Recently, a guy on POF reached out to re-establish contact after inboxing me about a year ago, expressing interest, and then disappearing. We spoke Friday and were supposed to have brunch today, except - true to form and as predicted - there was no outreach and no brunch. See, I've gotten to the point where I decide, pretty quickly, if you're full of BS and this dude was SURELY full of it. The sad, sad part (as I slept through most of the morning until the early afternoon because I had a WICKED game of squash after a killer workout yesterday) is that he really, really thought I believed we were going out. He got upset when I had that tone of incredulity in our communication around the brunch and he went to great lengths to assure me this time was different.
OF COURSE this time was not different and it only affirmed my notion that dudes lie just to be lying. And that's a huge problem. I mean, we've all told a lie before - we've all sinned and fallen short of the glory. But dang, dudes, ya'll take it to a WHOLE new level. Like, you are really doing the most. Not only is it important to you to tell the lie and try to make it convincing, but you insist upon telling the lie until you feel we actually believe you.

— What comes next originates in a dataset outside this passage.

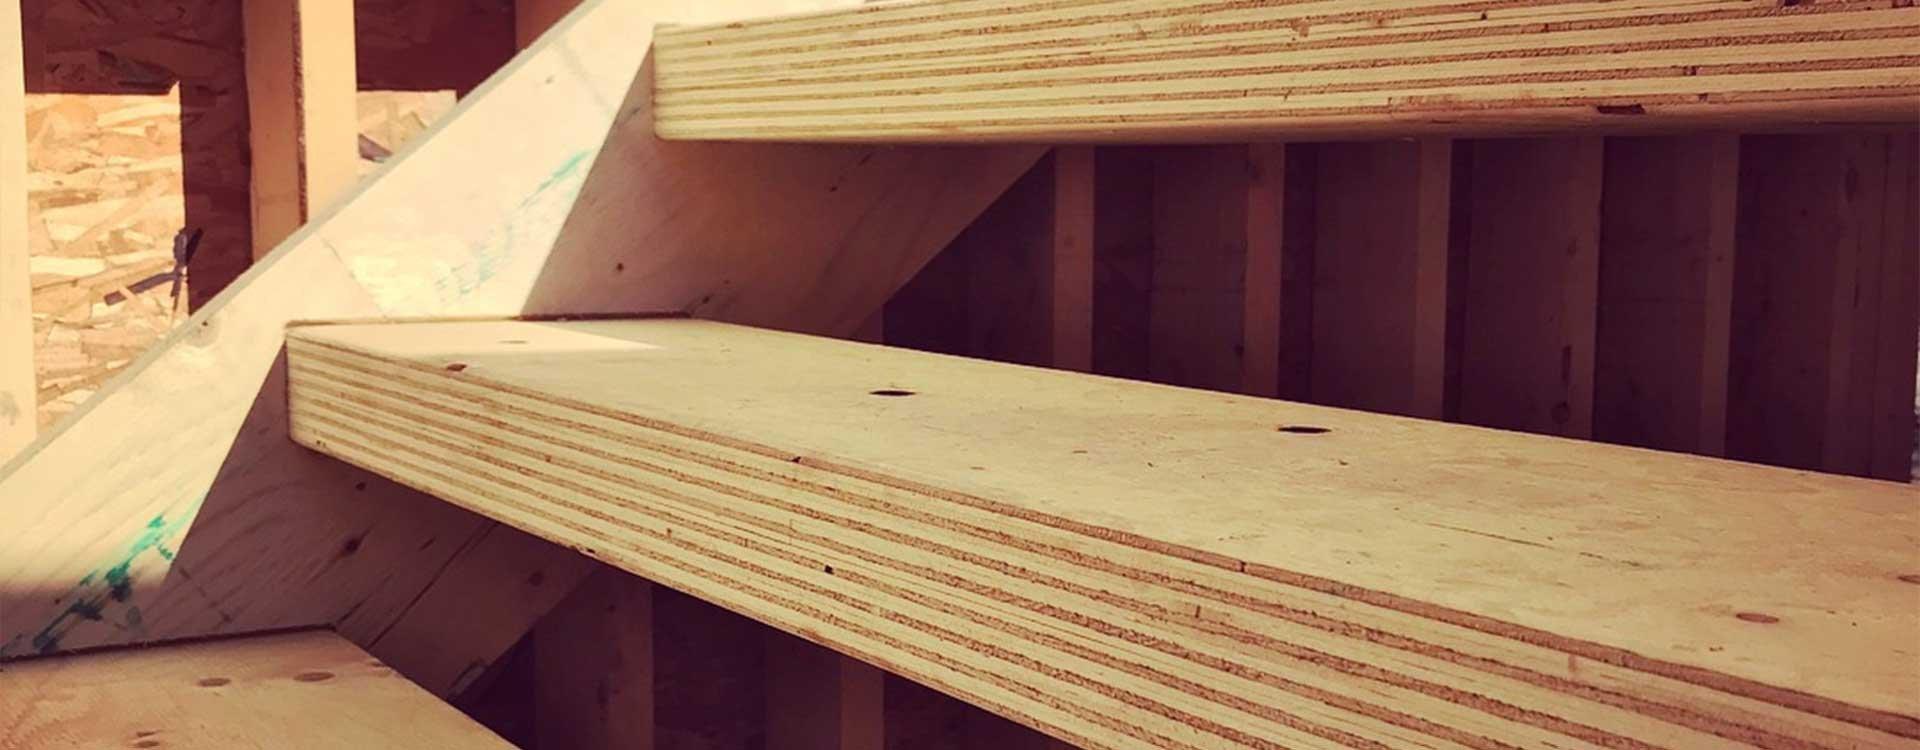 edmonton-home-builder-Kanvi-open-riserd-stair-cosntrucion

The truth is we never believe you. We always know the truth and we will Sherlock Holmes you, when appropriate, to get to the bottom of things when they sound ridiculous and fishy. Chances are it is in your ENTIRELY AND WHOLLY best interest to be honest from the door. It saves everybody a lot of eye rolling and side eye in the future LOL! Because, at this rate, I don't know how much side eye I have left in me. My eyes might get stuck like that.